Let $x$ and $y$ be two $4$ digit palindromes and $z$ be a five digit palindrome. If $x + y = z$, how many values of $z$ are possible ? (A palindrome is a number which reads the same forwards and backwards.)
I took the case where the palindromes were all made of the same digit and found that $12221$ can be a possible value of $z$ ( $6666,5555$ being the $4$ digit palindromes.)
I don't know how to proceed further.
For convenience, denote \begin{equation} x=\overline{abba}=1001a+110b, y=\overline{cddc}=1001c+110d, z=\overline{efgfe}=10001e+1010f+100g \end{equation}
\begin{equation} 1001(a+c)+110(b+d)=x+y=z=10001e+1010f+100g \end{equation}
Note that $10^4 \leq z=x+y<1000(a+1)+1000(c+1) \leq 2(10)^4$. Therefore $z$ has leading digit $e=1$. Now $a+c \equiv e \equiv 1 \pmod{10}$, but $1000(a+c+2)>10^4$ so $a+c \not =1$. Thus $a+c=11$.
Therefore
\begin{equation} 11011+110(b+d)=10001+1010f+100g \\ 1010+110(b+d)=1010f+100g \\ 11(b+d)=101(f-1)+10g \end{equation}
Since $10g<101$, $f \not =0$. Since $11(b+d) \leq 11(18)<2(101)$, $f \leq 2$. Thus $f=1, 2$.

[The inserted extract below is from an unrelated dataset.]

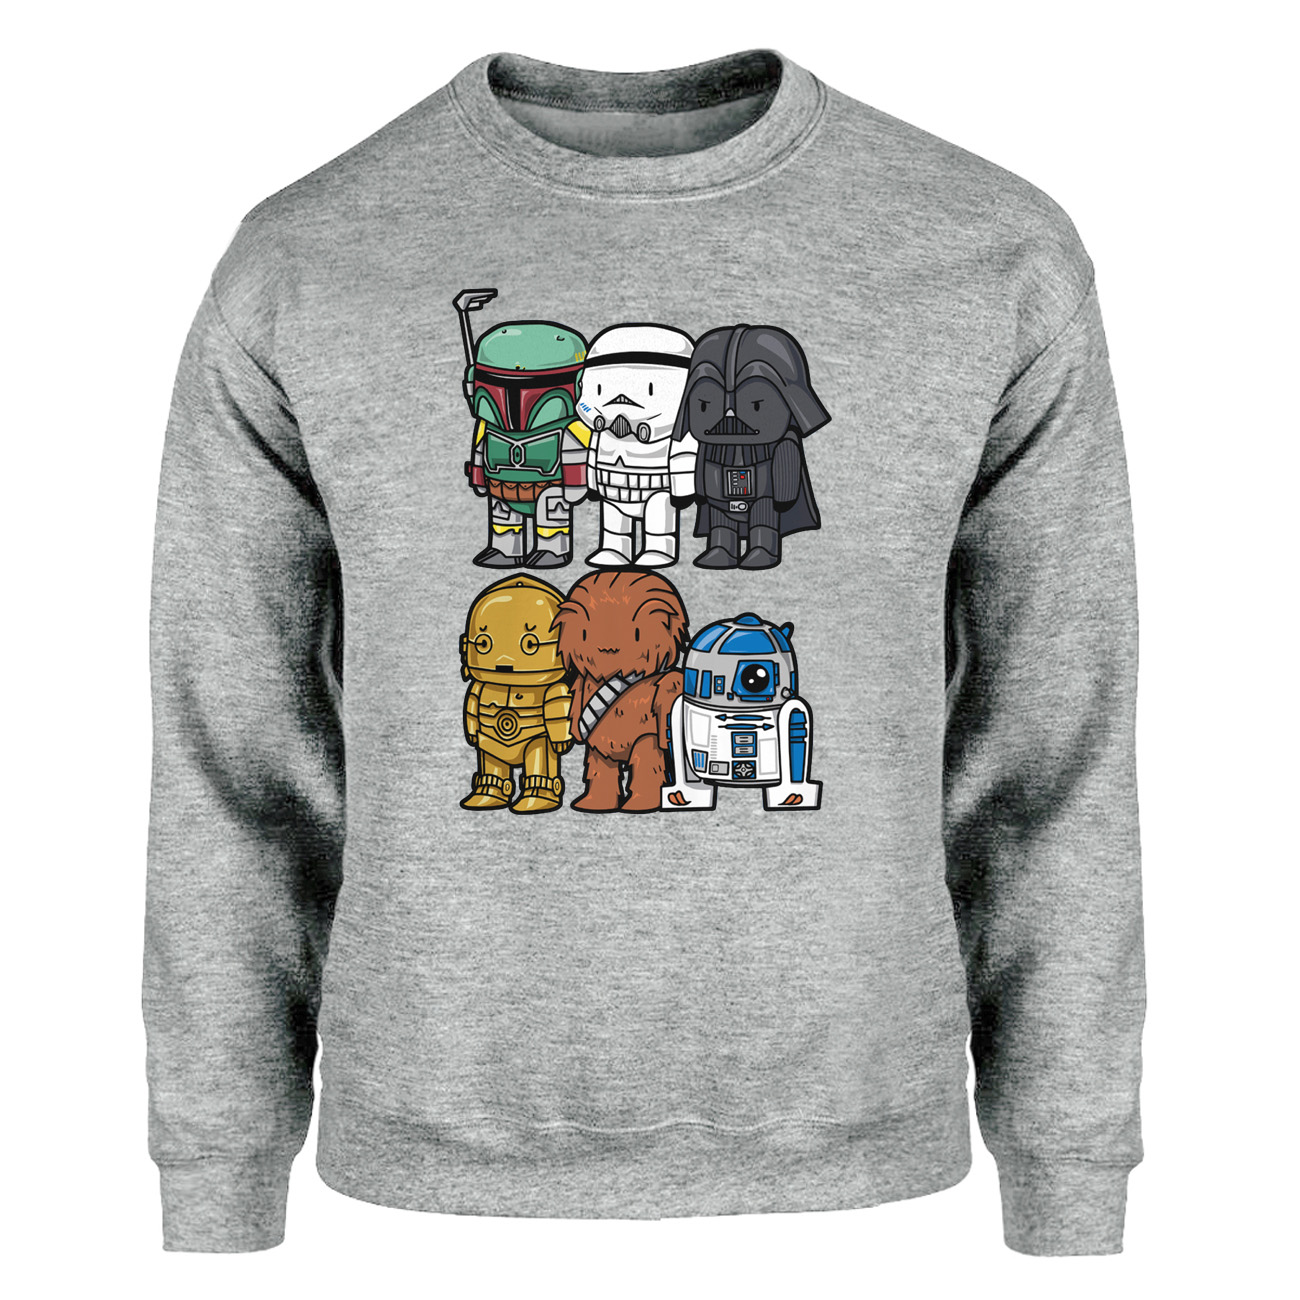 Star Wars Hoodies Sweatshirts Men Yoda Darth Vader Crewneck Sweatshirt Winter Autumn Starwars Science Fiction Movies Streetwear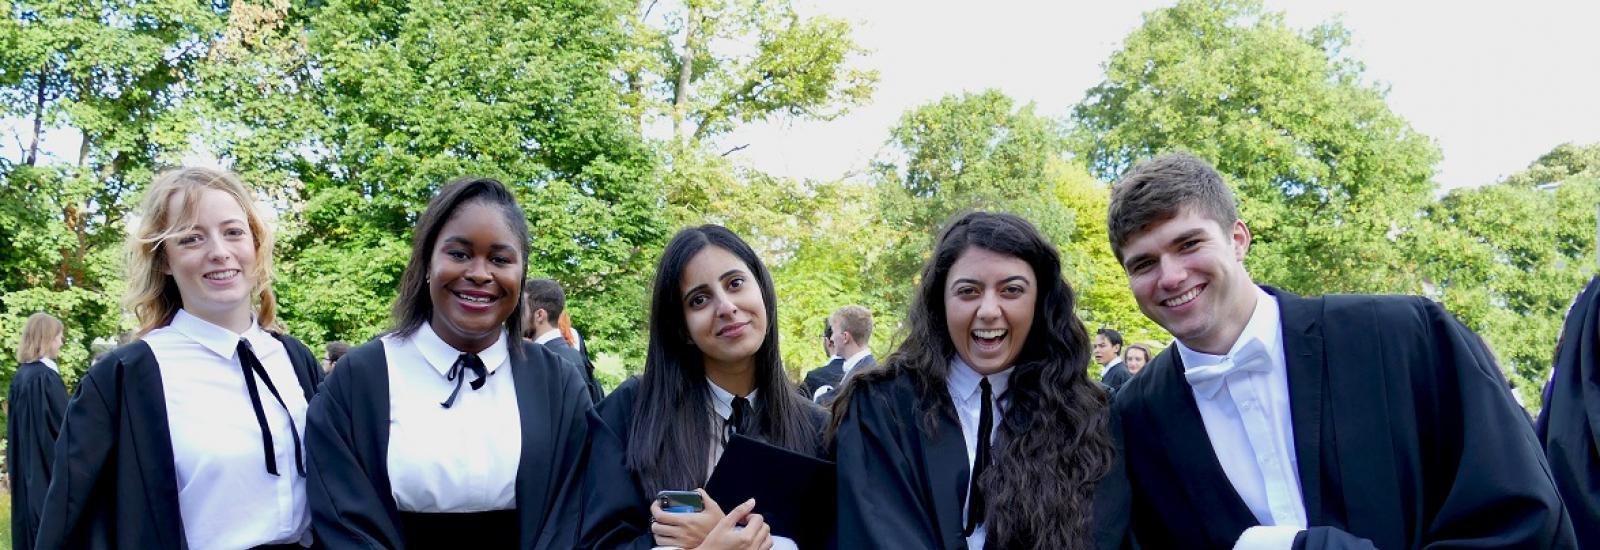 Graduation Day at St Hilda's College 28 September 2018

If $f=1$, we have $11 \mid g$, so $g=0$, so $b+d=0$, so $b=d=0$. This gives the solutions $2002+9009=3003+8008=4004+7007=5005+6006=11011$.
If $f=2$, we have $11(b+d)=101+10g$, so $0 \equiv 101+10g \equiv 2-g \pmod{11}$, so $g=2$. Thus $b+d=11$. This gives $z=12221$, with $a+c=b+d=11$. (and so we could have $5445+6776=12221$ for example)
There are thus 2 possible values of $z$.